Now, assume $k \ge n+1$.
Can we say that the set $\{a_1,…,a_k\}$ spans $\mathbb{R}^n$?
I think the answer is positive. The reason is as follows:
$k \ge n+1$ implies a matrix with more columns than rows. Given that $x_1a_1+…+x_ka_k = b$ has an infinite amount of solutions, we can build a matrix that comprises of this exact linear combination and be sure we'd get an infinite amount of solutions. In that matrix, $b$ represents any vector in $\mathbb{R}^n$, and since we'd get an infinite amount of solutions, it means that any vector in $\mathbb{R}^n$ is a linear combination of $\{a_1,…,a_k\}$, hence $\{a_1,…,a_k\}$ spans $\mathbb{R}^n$.

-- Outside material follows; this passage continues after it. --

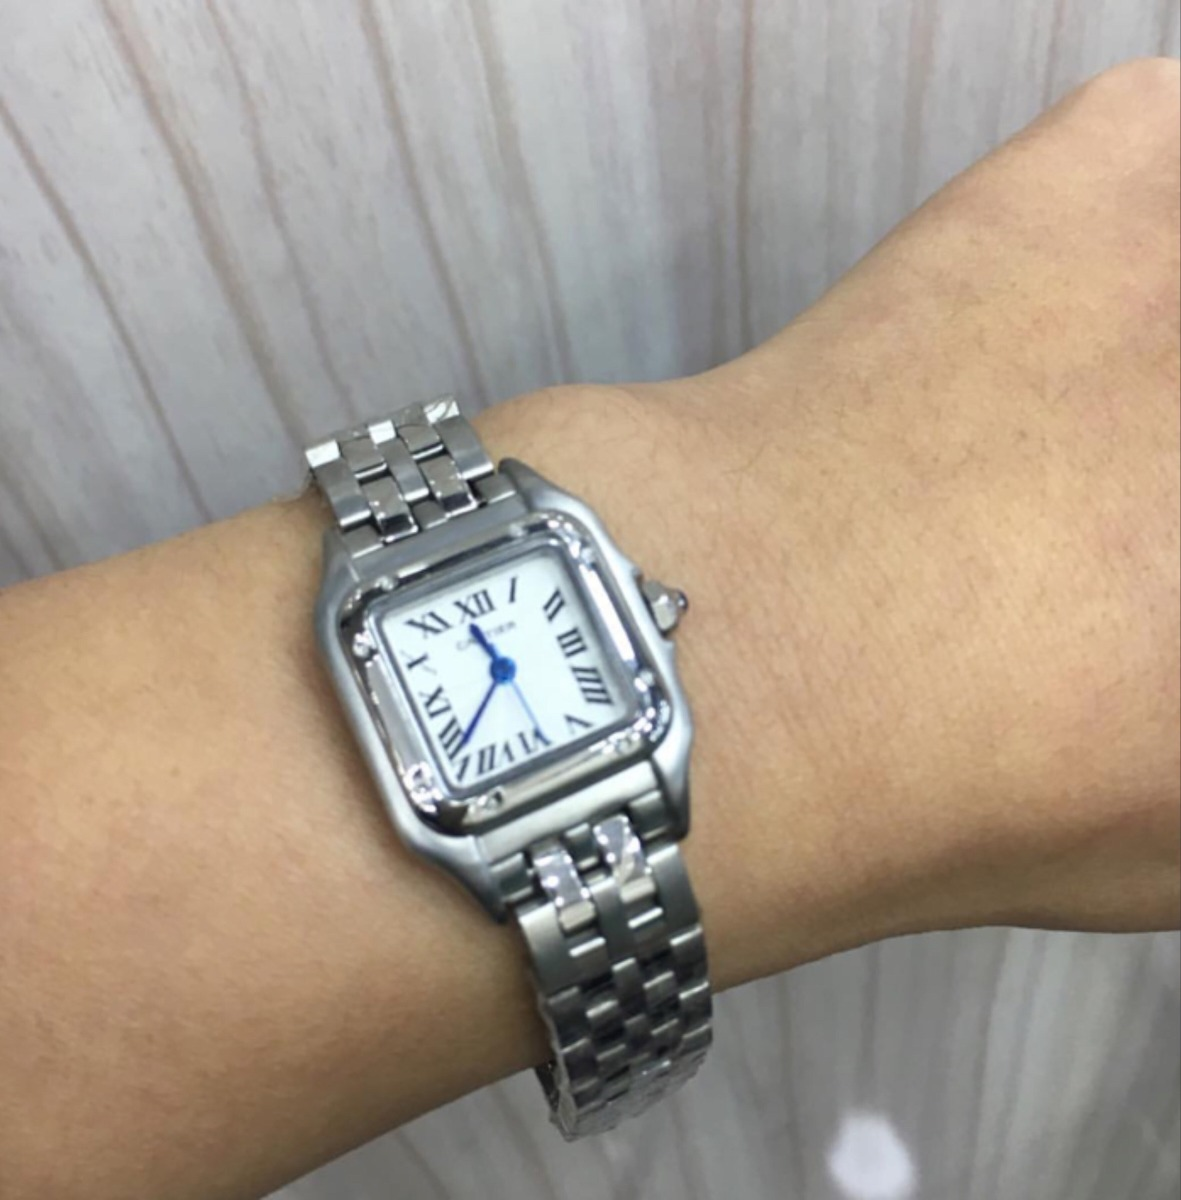 e49e15986a7 Relógio Cartier Tank Feminino Prata Frete Grátis - R  650

However, I'm not sure that I'm right, and in any case it doesn't seem like a well-structured proof to me. So, I'd like to know if I'm right, and if so, how can I build a structured proof out of this?
Best Answer
This is false. Here is a simple counterexample: let $n=3$, $k=4$, $a_1=(1,0,0)$, $a_2=(0,1,0)$, $a_3=(1,1,0)$, $a_4=(-1,-1,0)$ and $b=(1,0,0)$. Clearly $\{a_1,a_2,a_3,a_4\}$ does not span $\mathbb{R}^3$ and $\sum_{i=1}^4 x_ia_i=b$ has infinitely many solutions (in fact, $x=(1,0,\lambda,\lambda)$ is a solution for every $\lambda$).